Main 8 Descriptive Statistics
Main 8 Descriptive Statistics
This article "
Main 8 Descriptive Statistics" will hep you to understand main descriptive statistics and what are the four descriptive statistics.

Main 8 Descriptive Statistics

Introduction

Descriptive statistics are important for the analysis and interpretation of data. The main objective of any statistical testing is to summarize the characteristics of a population into an inferential statistic.

Descriptive statistics are also used for comparing or contrasting groups of samples which have been taken for testing, such as to compare the proportions of income levels among individuals.

The sample sizes and distributions are commonly represented by means of proportions (p), mean (m), standard deviation (sd), variance (v), and range (r). Common data formats are:

Standard deviation, proportionality and mean (m)

Standard deviation, mean and range (m), minimum (mmin), maximum (mmax)

Variance, mean and range (v)

Skewness

Std. Error of Skewness

Kurtosis

Std. Error of Kurtosis

Range

Range, mean and standard deviation (m)

Range, sample size and mean are always expressed in relation to the central tendency and thus range, mean and std. error of range are always negative values. A positive value indicates that the values do not necessarily represent the mean. Normal distribution is one of the most common types of distributions. It is usually assumed that the data set contains normally distributed variables, but can be non-normally distributed. Most importantly, if there is more than one variable it needs to be converted in order to make it normal. An example of this conversion is shown at the end of our article.

There are two major kinds of ranges which may exist:

Normal range: it means that each value represents its own probability of occurring at a particular point. Usually, it is not considered important since it does not affect the results of the tests. This kind of range is used when we cannot observe all the points.

Normalized range: it is used in order to summarize the entire values by subtracting the mean from the sample's mean. So for a range, all values from the same range are put in equal intervals.

It can be very helpful when estimating or performing linear regression and other statistical modeling studies. Ranges are useful when you are using multiple ranges on the same dataset. For instance, using ranges to check your model would be faster, less error prone, and allow for better comparisons between models than just looking up the range. So for large datasets, using normalized ranges can save you hours of work.

Scatter plots are generally used to visualize relationships. scatter plots help us visualize trends or differences between two or more variables which is the plot on the left side of a graph. To understand what kind of relationship we are trying to measure, let’s take again a look at some scatterplots. Let’s say that we are trying to measure how much people earn and want to know whether there are significant correlations, what kind of relationships are represented by these lines on these plots? We can do this with the help of scatter plots. As soon as the variables are identified with their corresponding axes, scatterplots can be constructed based on the correlation matrix by selecting different combinations of correlated input/output values.

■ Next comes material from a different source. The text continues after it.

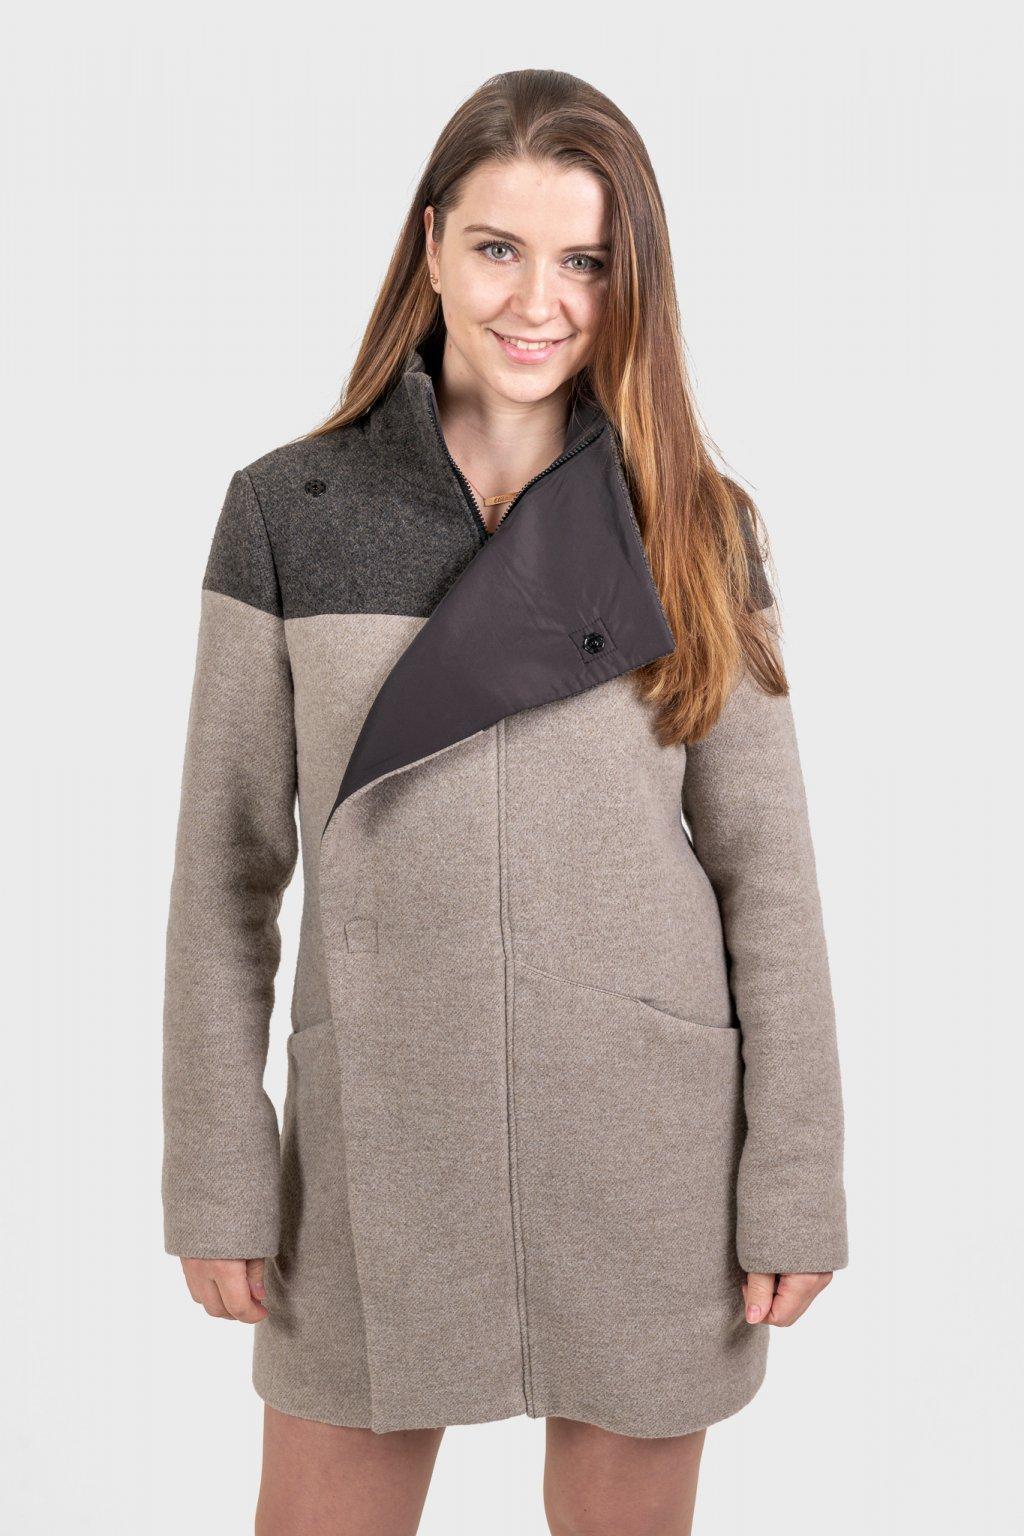 Dámský kabát vlna béžový s podšívkou légou zimní Goci

Correlation matrix allows us to see the correlations between various variables and, in this case, our dependent variable: earnings.

Correlation Matrix

The scatterplots with their respective correlation values can be viewed as scatter plots without their respective axes. When plotting variables that do not have axes, in case of the scatterplot with the independent variable x, we need to add on the independent variable. The line is drawn on the graph, which has a specific direction. If we think about the x, the direction can be defined by two directions – up and down.

For example, let's say our independent variable x has 3 dimensions. If the scatter plot with the x has only 2 directions (up and down) then then the first place is in x's direction. But the second place can only come from another variable.

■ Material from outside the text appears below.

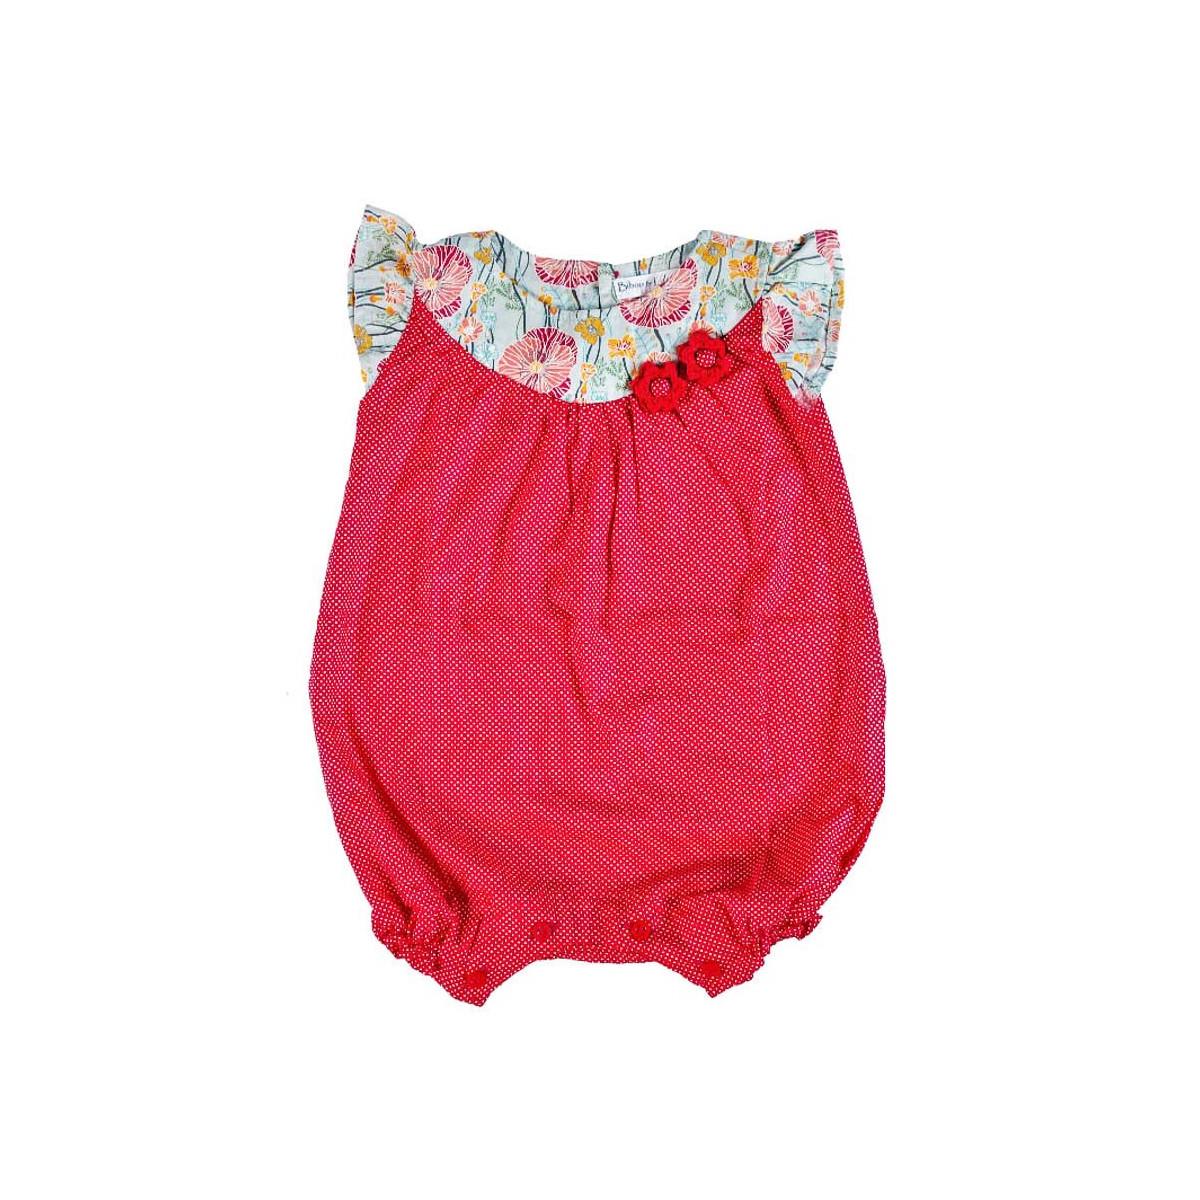 Barboteuse coton bébé fille 0-18 mois rouge coquelicot à pois

The three variables that are plotted on the scatterplot can have different meanings. By adding another variable, we can get a new direction. Similarly, multiplying one variable by another will lead to a third different direction on the graph. So using scatterplots with axes, it is important to remember that these directions can be reversed (changing the direction of the line to the original), so it’s better to identify them with the help of coefficients.

Scatterplot with coefficients

What are parameters in the scatterplot with their coefficients? Coefficient represent weights of each factor of our hypothesis. In simple terms, they are the weights. Our hypotheses are usually made up of many factors. That is why it is called a multi-factor test and our output statistic is also known as a coefficient.

For example, the number of students who are going to graduate from college is usually represented by the coefficient of graduation. And this variable would be measured by adding the number of students who graduated from college to 100. Or in the case of a medical exam we usually measure the level of performance (performance is usually represented by the coefficient of exam performed) but our evaluation of student is done through marks. Another type of variable is the time period when the patient has been diagnosed with certain disease. In such cases, we measure several factors – age, profession of the respondent etc.

So, we have learned quite a bit about statistics by now. Now we only need to learn how to use the data and interpret it on further analyses. One more word: Statistical significance is concerned about the effects of changes in samples and variables on the outputs (coefficient). Is it possible to detect statistically significant effect by comparing the control group's output - the outcome variable - with the response variable - the independent variable? Here i would also like to tell you about the significance test. There are some steps when you should follow in order to run and have a reliable and valid significance test.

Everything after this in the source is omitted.